Tavros watches as Vriska gets herself in a tizzy at work. Again.

Notes:

(See the end of the work for notes.)

Work Text:

It’s 3:00 and you know what that means! Vriska starts streaming! You’re so excited you could shit yourself! But you, Tavros Nitram, are a humble man and find your way to the toilet to watch that magnificent Vriska. You manage to hoist yourself on the bowl, little cripple stubs dangling over. It’s showtime baby. You click on the video and she’s at work! Wow! This is new! That woman is god on earth jesus fucking christ she pushes the shit right out of you. She begins to speak. “Hey hoes it’s NicVris88 and we’re doing McDonalds mukbang” Oh! Wonderful! That seems fun. While she gets started, your shit begins to creep it’s way to the water.

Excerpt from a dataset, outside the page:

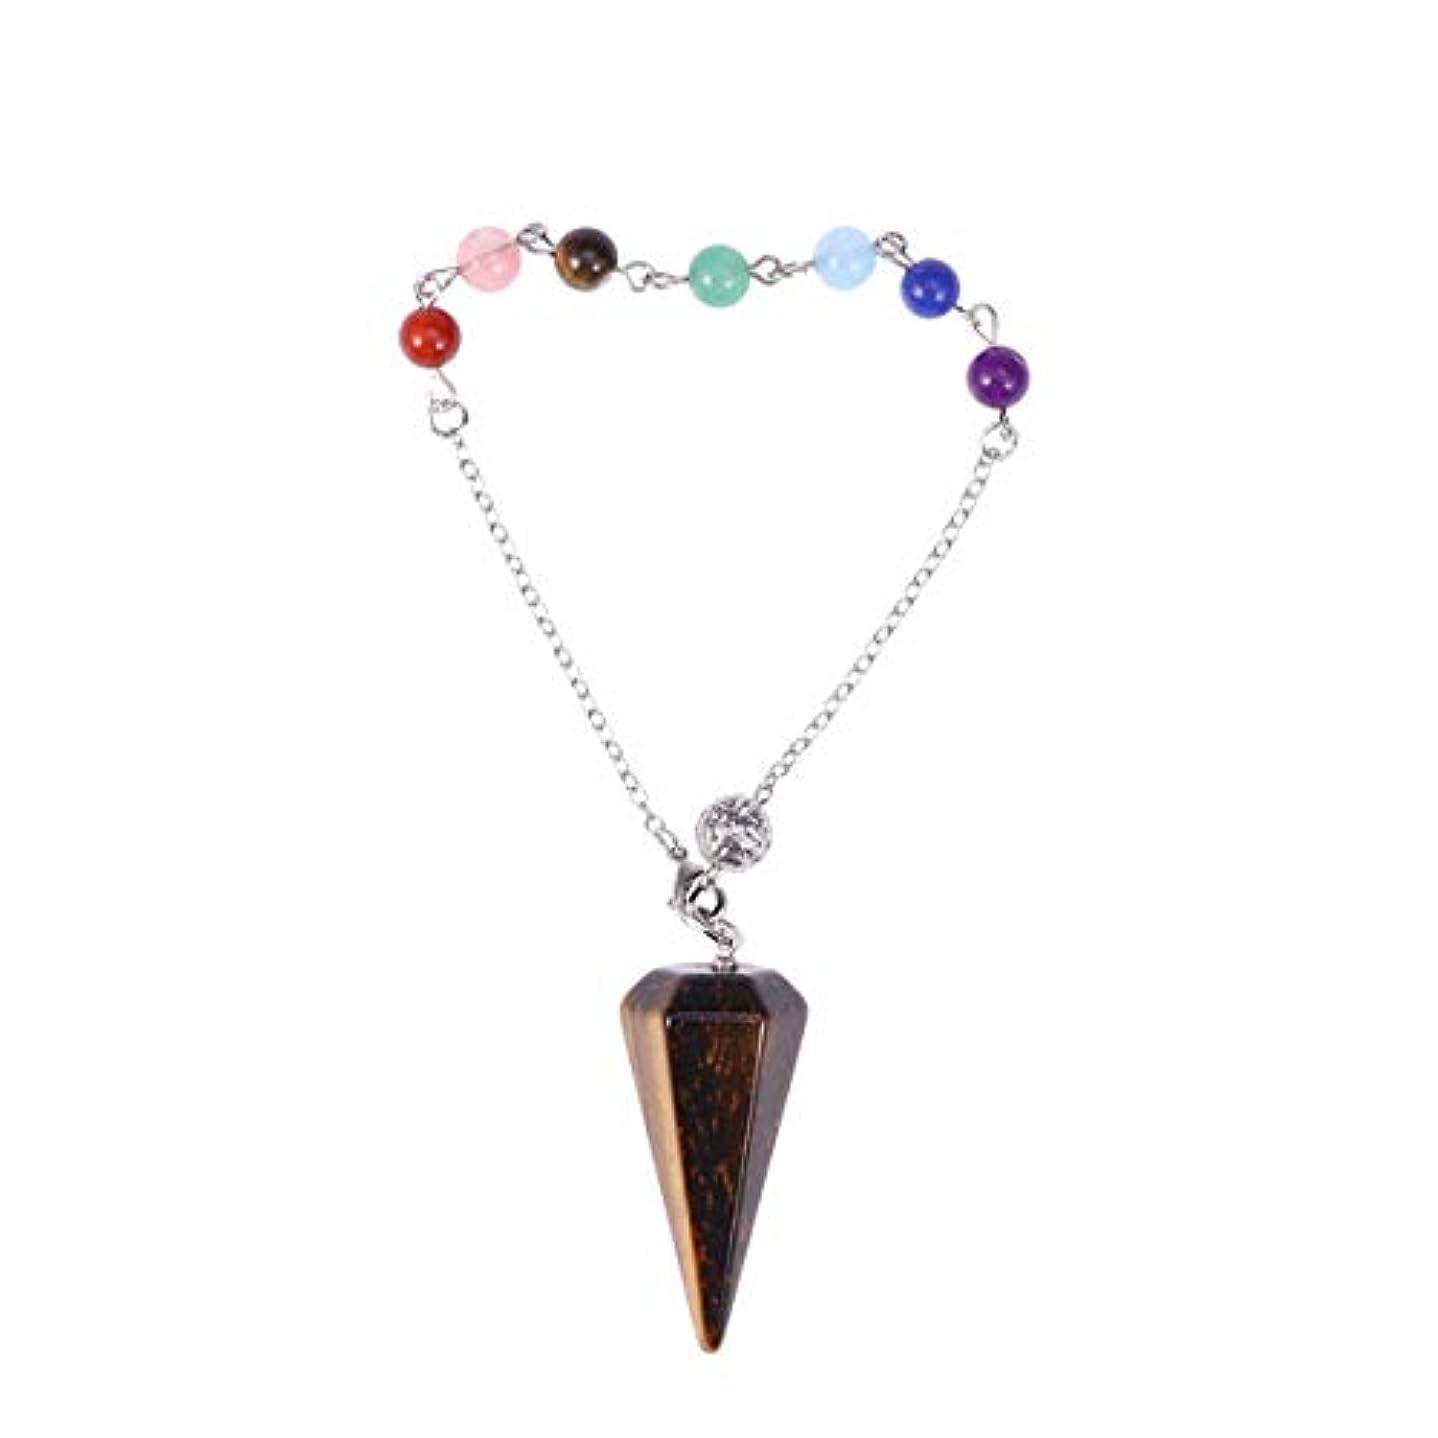 お願いしますアレイ北米Healifty クリスタル六角形のペンダントチャクラチェーンペンダント(タイガーアイ宝石)

Huh. This one’s taking a while to come out! Oh well. There’s a lot of food for her to eat, and you're in no rush to get off your golden throne. You’re beginning to get anxious about your poop, it just keeps going! No. Focus on Vriska, nothing to worry about! As you watch her neck rolls jiggle with every bite, you catch a glance at the drive-thru worker. He seems to be wearing a weird helmet and he’s making crazy gestures at the customer. Suddenly, he’s pulled through window by the customer, and you can slightly hear the trunk of the car slamming and speeding away over Vriska’s wet chewing. Th-that kinda freaked you out. It certainly didn’t help your already building anxiety. The 100% gay worker Vriska has mentioned before takes the headset that fell on the ground, and began to take the next customer’s order like nothing even happened. Man what the fuck is up with that McDonald’s. Vriska makes her way to the McNuggets, popping them in her mouth like Skittles. Your shit just keeps going. It’s been 30 minutes and your poop still isn’t out your asshole. It’s thick as hell, and your asshole burns. Vriska lets out the juiciest burp you’ve ever heard, and it surprises you enough to fall into the toilet bowl. Fuck. This is not good. You can’t get yourself out because you need two arms, and one is currently occupied, watching sweet Vriska. Succulent brown covers your ass, and water sloshes out the bowl as you struggle. You muster up enough strength to comment “uH,,, vRISKA CUTIE,,, iM STUCK,,,”
Vriska glances at the comments mid-bite of her Filet-O-Fish and asks “Where?”
Tavros blushes wildly. This is one of the first times she’s addressed you directly! You have complete trust that she will find some way to help you.
“oH, uH,,, iM IN THE TOILET,,,,”
“You’re stuck in the fucking toilet with your own shit?”
How did she know? “uH,, yEAH”
“Oh my god Tavros you’re a stinky poo poo boy! Stinky poo poo boy is Tavros!” She begins to laugh, and practically choked on her food.
Oh my god. Is your pride completely ruined after being called a stinky poo poo boy? Yes. But she referred to you by name! You pretty much have a boner now.
As she continues to laugh at her clever joke throughout bites, a piece of sandwich gets lodged in her throat. She begins to sputter and gasp for breath as she yells “FUCK MITUNA IM CHOKING I NEED THE HIMLICHE NOW”
Nothing happens, Mituna got fucking kidnapped but Vriska was a fucking slob and ate 20 pounds of food. Whore.
Dave is there of course but he does nothing to help. He doesn’t touch women. Men only hunny.
Vriska dies shortly after on the McDonald’s counter.
Tavros sighed. This happened last week. Vriska farted herself to death and you had to take it upon yourself to find that Aradia so he could bring her back to life. She’s YOURS. She is going to LOVE YOU.
Anyways Tavros was in the toilet for 18 hours until paramedics in biohazard suits got him out with a crowbar because the shit made him stick to the toilet.

Notes:

Fun fact all of these fics are connected. Take notes ladies.